TUSCALOOSA, Ala. -- Susan Fisher of Cartersville, Ga., a clinical psychology doctoral student at The University of Alabama, has received the Psychologists in Long Term Care (PLTC) Student Research Award.

Fisher was recognized for a project that focused on nursing home pain assessment. The project evaluated the relationship between pain assessments completed by certified nursing assistants and pain assessments completed by nursing homes to meet Medicaid regulatory guidelines.

Her project was the first of its kind to explore relationships between the certified nursing assistants and the nursing home-based pain reports completed by typical nursing home staff. The information gathered was also published in the Journal of the American Geriatrics Society in 2002.

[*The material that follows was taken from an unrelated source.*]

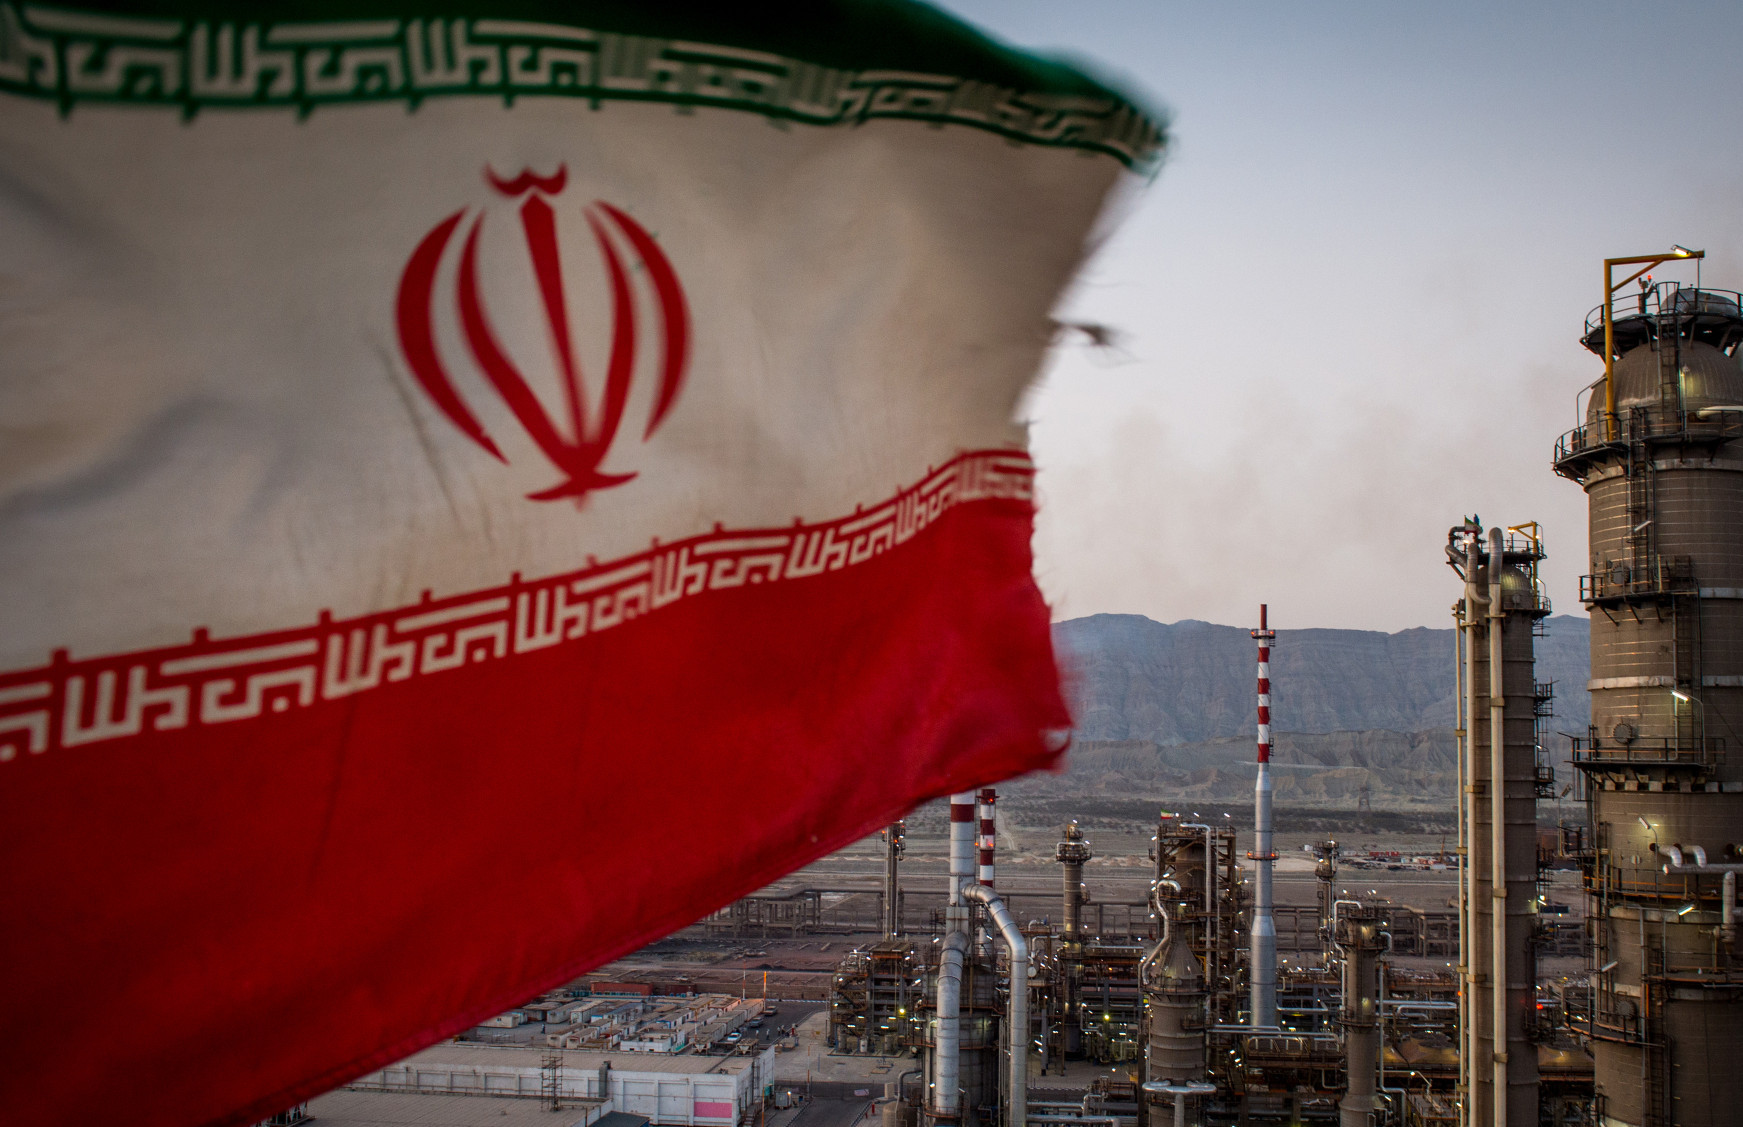 Колку е блиску Иран до нуклеарно оружје?

Fisher has been working with Dr. Louis Burgio, UA distinguished research professor and director of the UA Center for Mental Health and Aging, since 1999 in her specialty area of geropsychology. Their work concerns improving pain assessment in long-term care facilities by designing objective procedures for obtaining self-report from dementia residents and by training certified nursing assistants on identification of behavioral pain cues.

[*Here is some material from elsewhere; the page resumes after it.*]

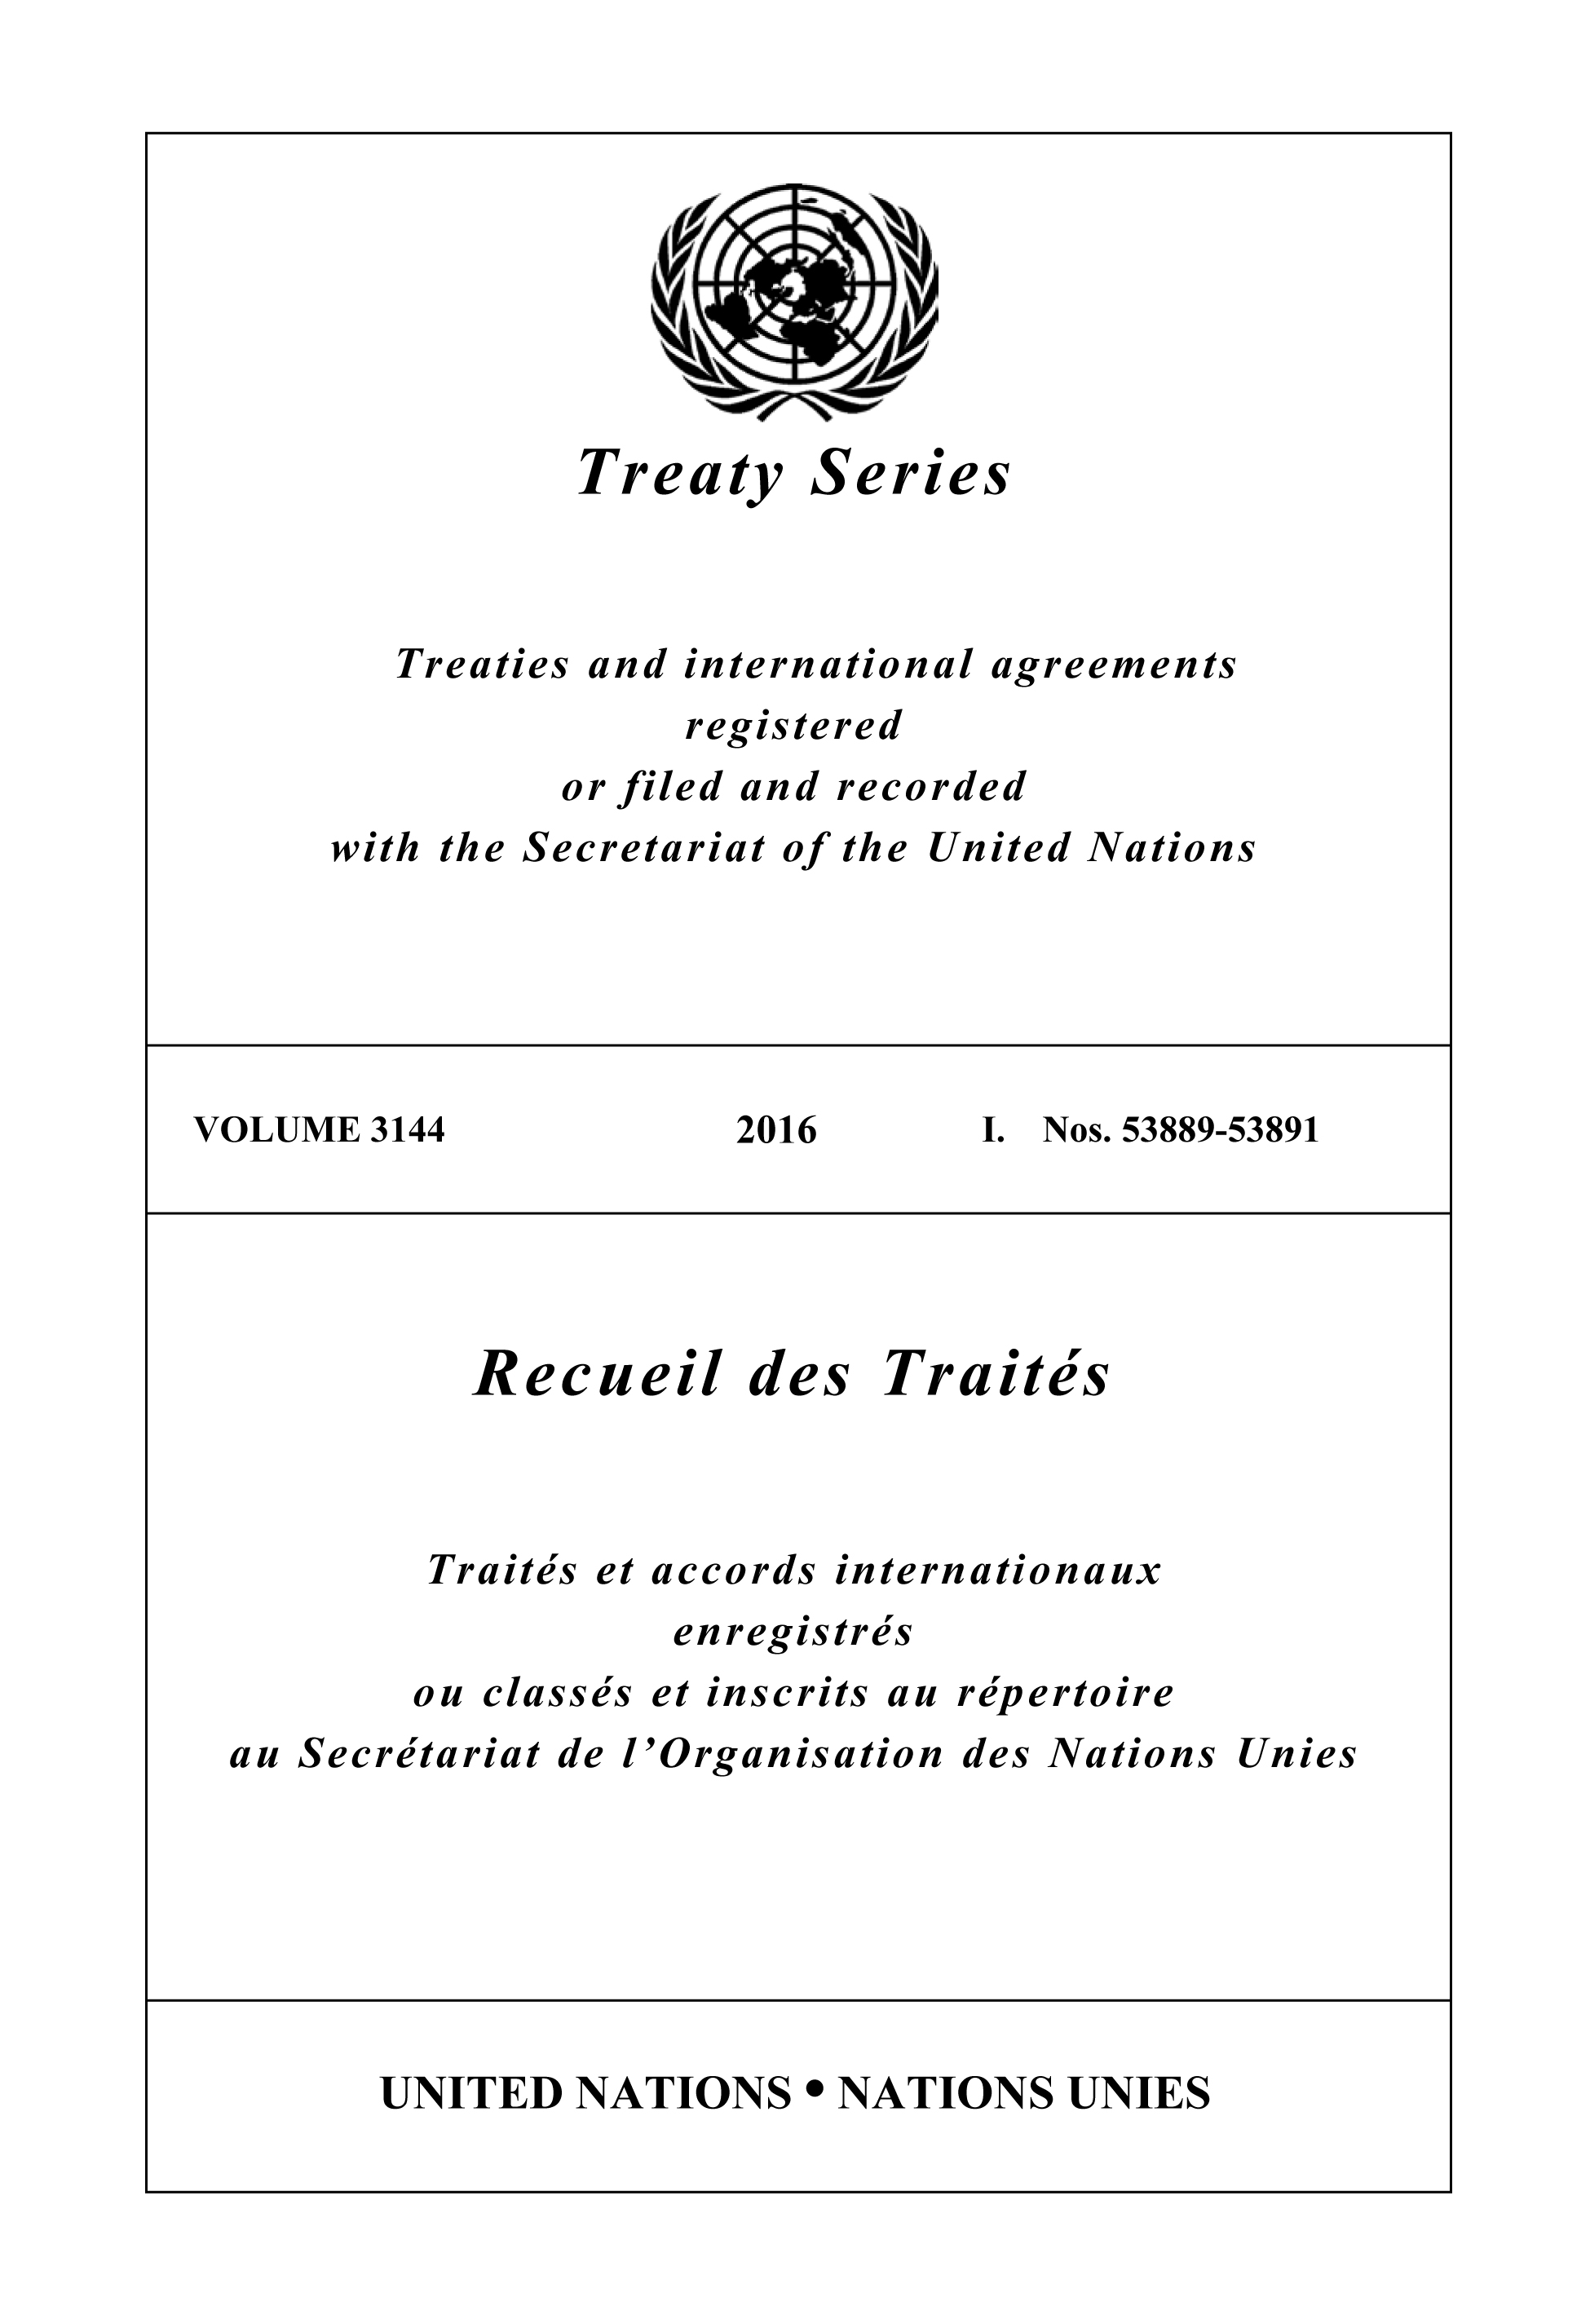 image of Treaty Series 3144

“I’m proud and excited that UA’s graduate psychology program and the Center for Mental Health and Aging are getting national recognition considering that our Center is quite young and considering that we are only one of a few clinical psychology programs in the country with a well-defined aging emphasis,” said Fisher.

PLTC is a network of psychologists that seek to provide high quality mental health services in long-term care settings. The award is given to graduate and post-doctoral students who submit a project relevant to long-term care and geropsychology.

The award, a commemorative piece and $300 will be presented to Fisher in November 2005 at the Gerontological Society of America Annual Research Meeting in Washington, D.C.